Shot on High 8 Handycam and 16mm, the $120,000 film took four years to finish and was only completed last month, just in time to be shown at the SFIFF. (It won the Golden Spire for Bay Area documentary.) It manages to be an entertaining package tour of 1990s feminism, the sex trade, sociology, and a mother-daughter relationship in crisis. It's also an essay in perseverance. According to Query, the struggle was worth it. "We have much better working conditions at the club, as evidenced by the fact that I can still work there and I'm 32," she says. "We still have no benefits, but we're not fired for getting up in the wage scale, and we're no longer classified by race, hair color, or breast size."
The emotional crux of the film, though, is personal, not economic. Query's mother -- a pioneer in working with street prostitutes in New York -- was not privy to her daughter's choice of profession.

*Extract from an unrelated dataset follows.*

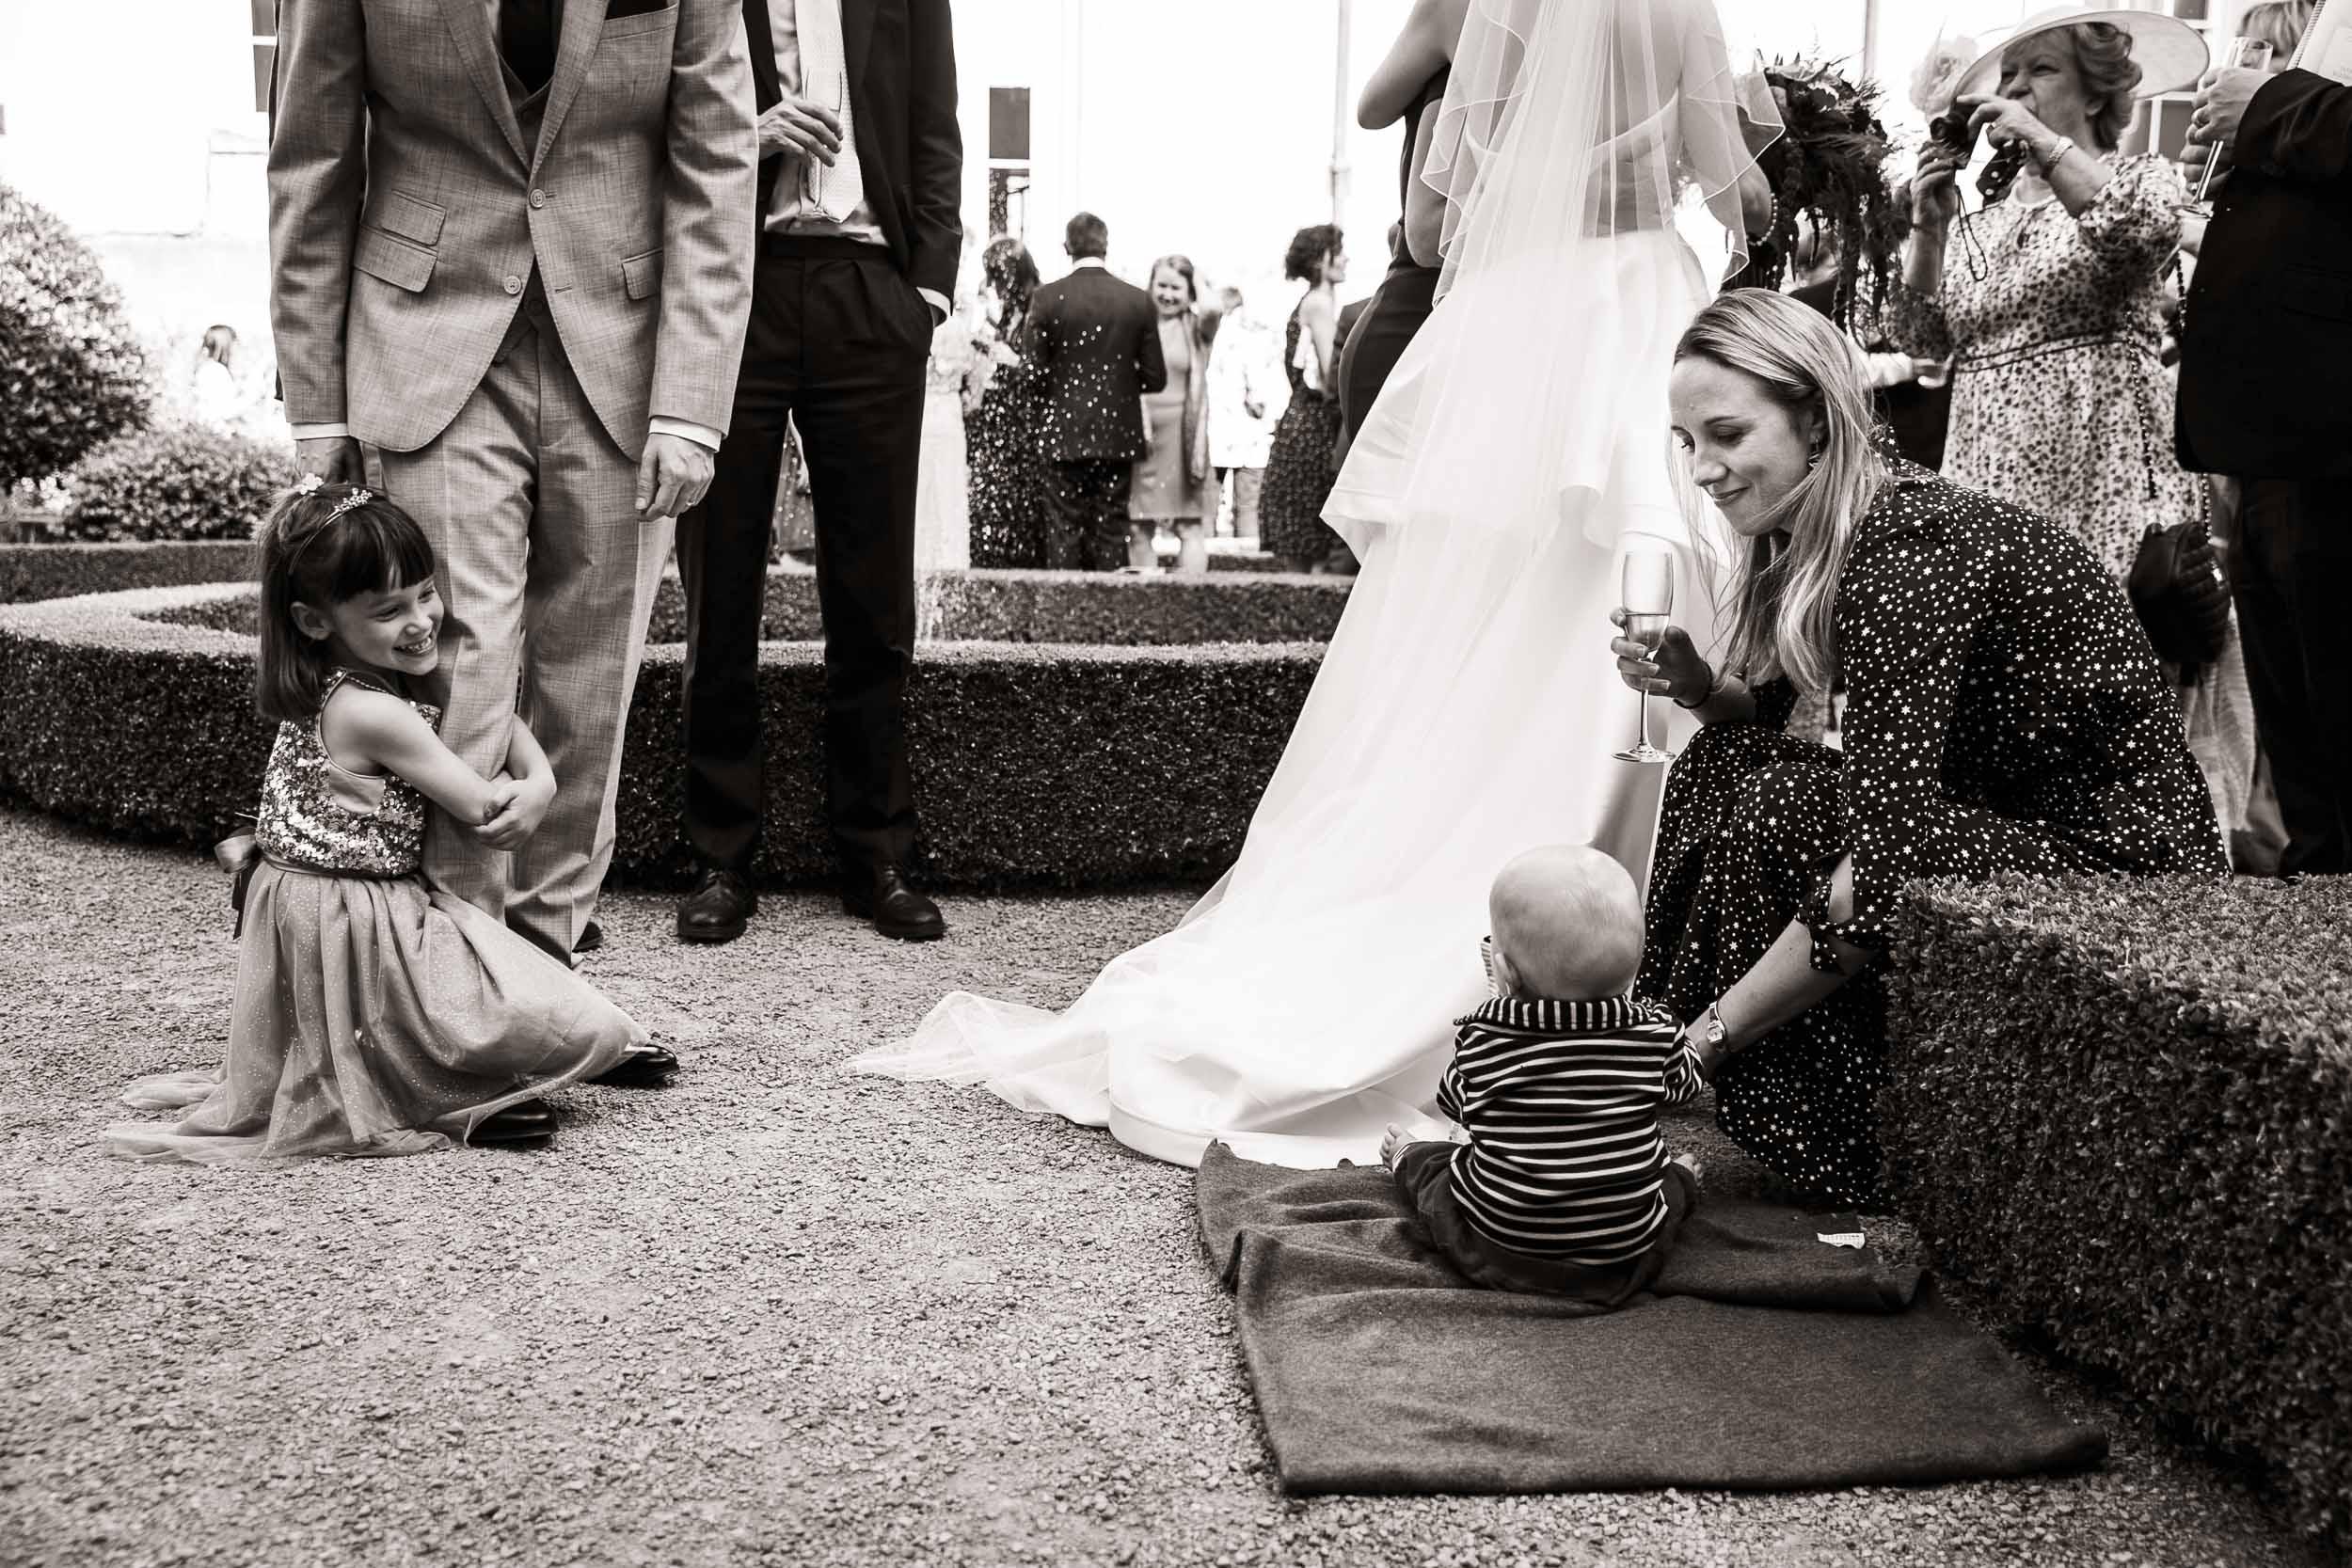 syon-house-wedding-photographer-london 094.jpg
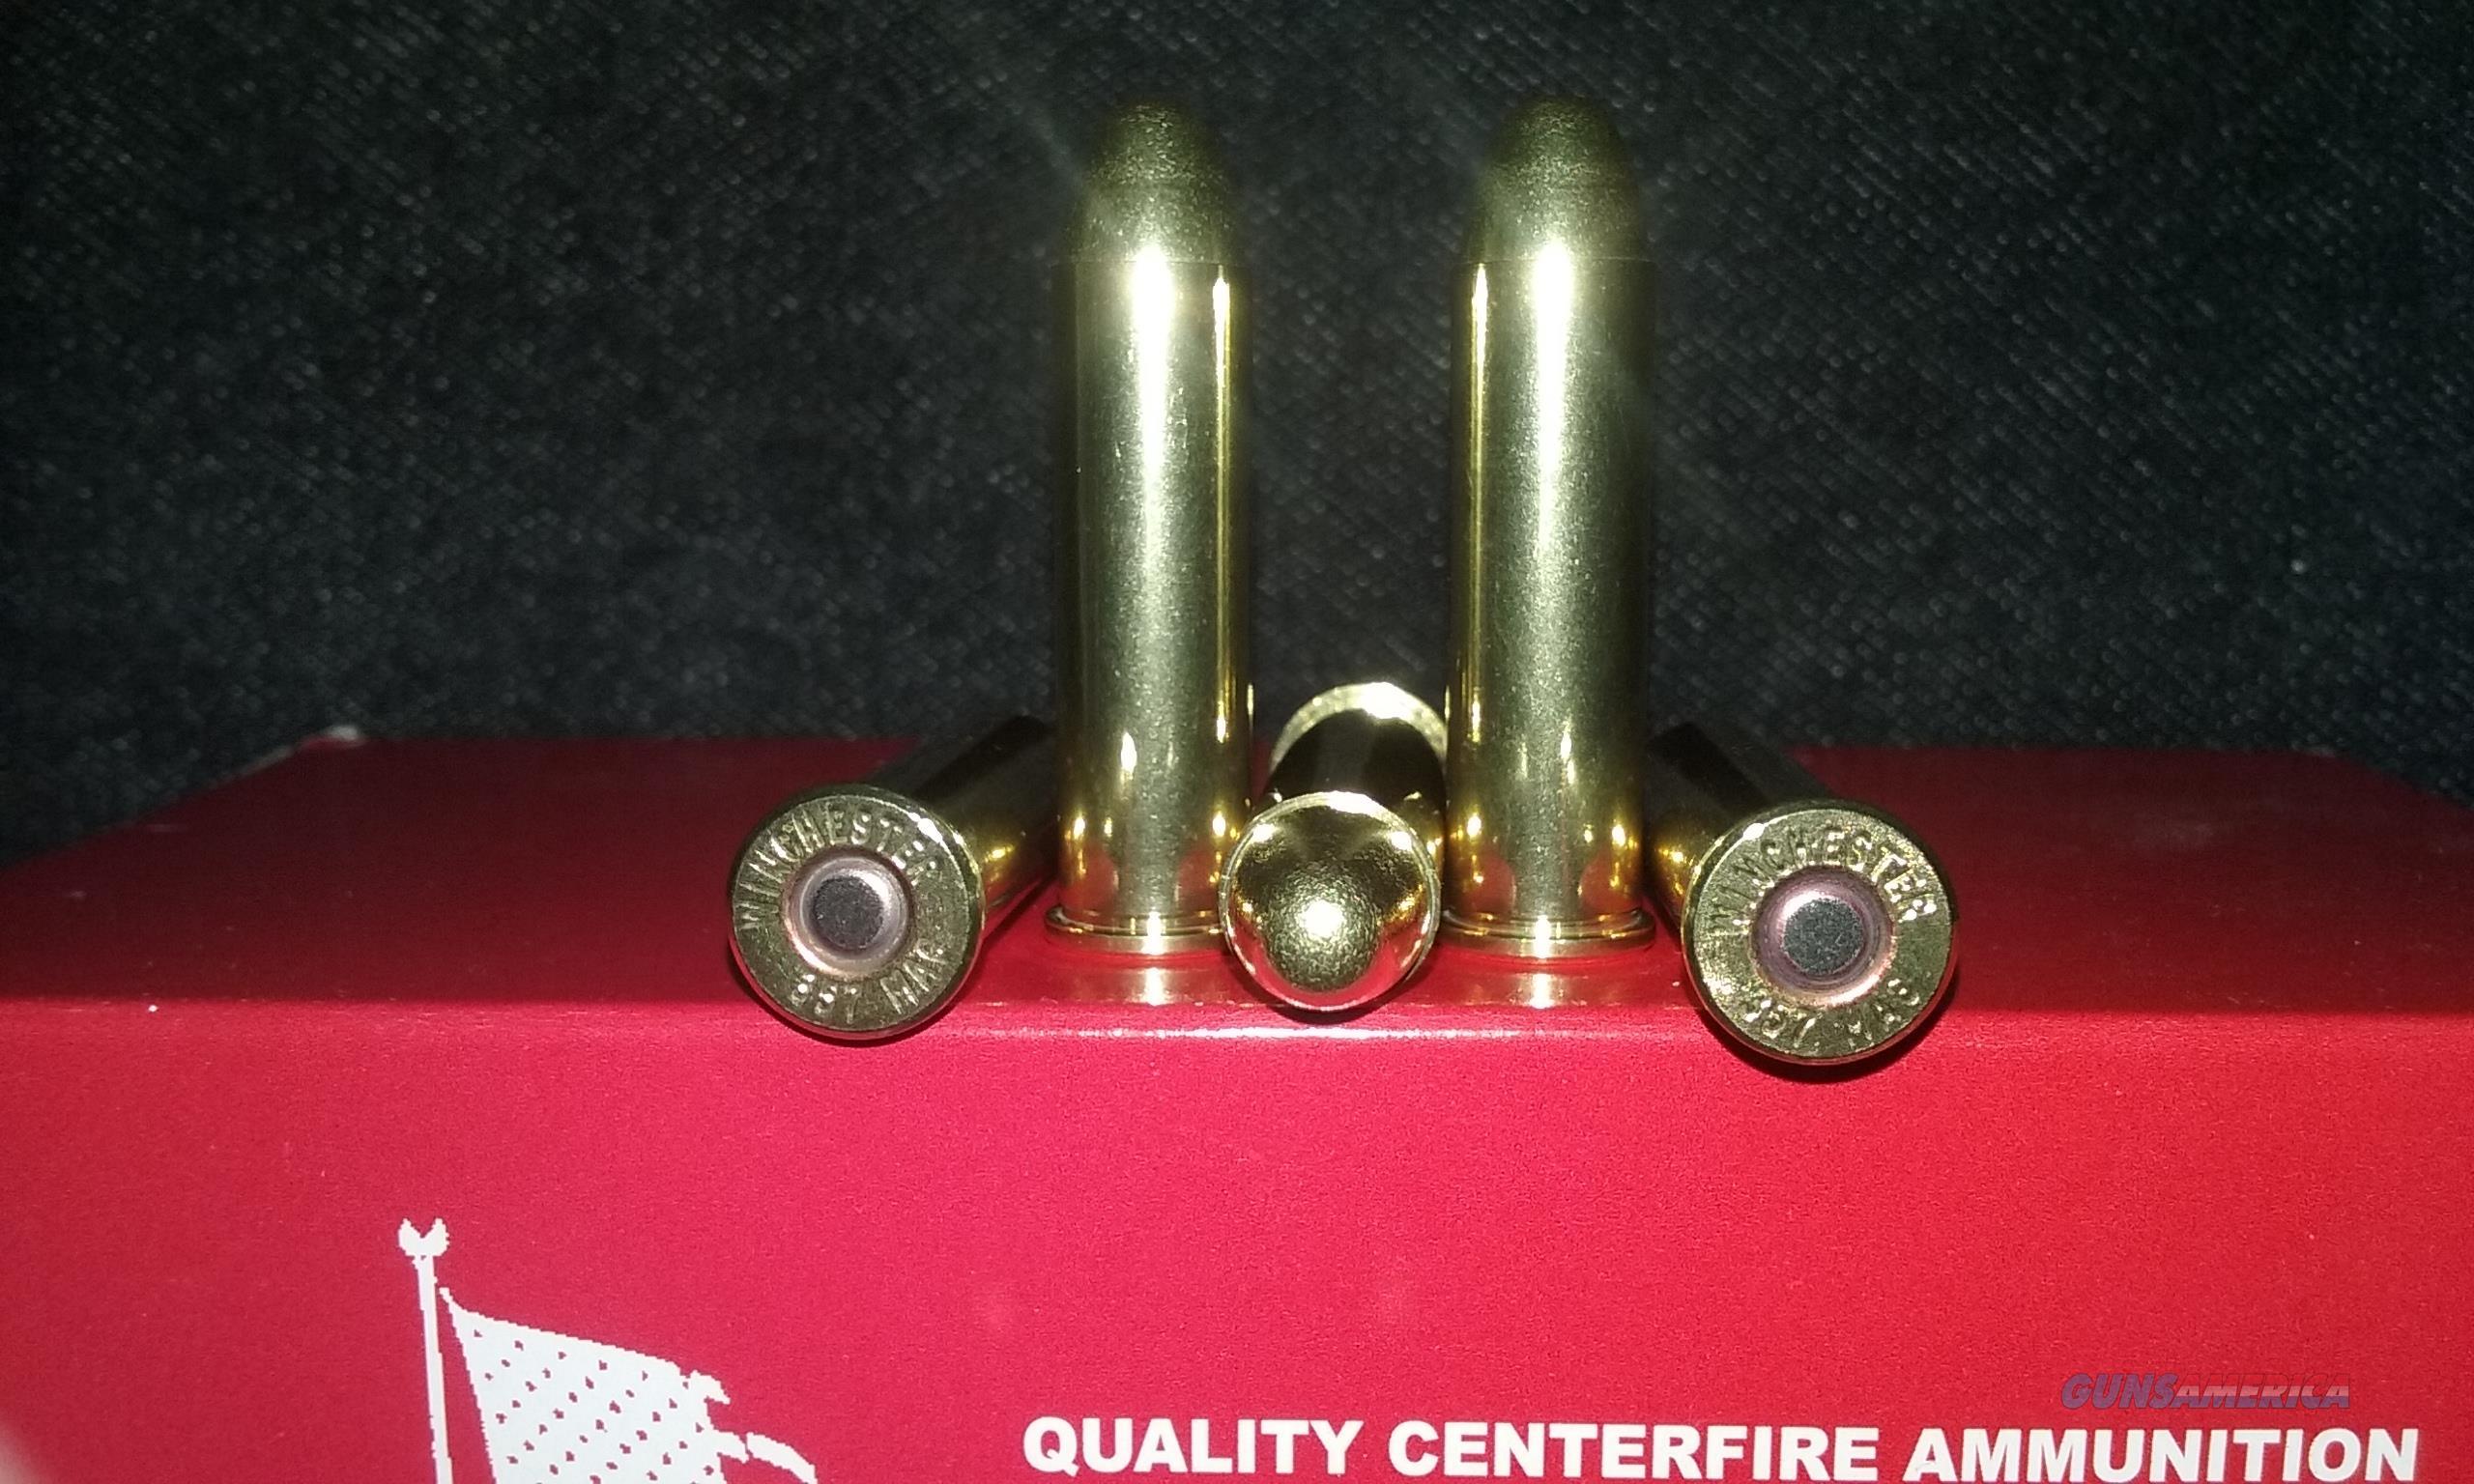 357 Magnum DESERT EAGLE / LAR GRIZZLY / COONAN Ammo. (357 S&W Magnum)  Non-Guns > Ammunition

And the disclosure, necessitated when both women were invited to speak at the same conference, is painful to watch and more dramatic than the crescendo of a Hollywood movie. "I would never tell my child she should have shame," says Query's mother, devastated at hearing the news. "But I think you went too far."
Query says if she could have avoided having to tell her mother what she did for a living, she would have. "During the '60s, while other people were having the Summer of Love, my mother was one of 10 women in [her] med school," says Query. "She tried very hard to earn respect from the masculine world, and she wanted me to be a success in a way that fits that model. The fact that New York MOMA is showing the film has thrilled her. She's throwing a party, but I don't think she's told anyone what it's about."
Live Nude Girls, UNITE! shows Wednesday, April 26, at 10 p.m. at the AMC Kabuki. It will open theatrically in the fall.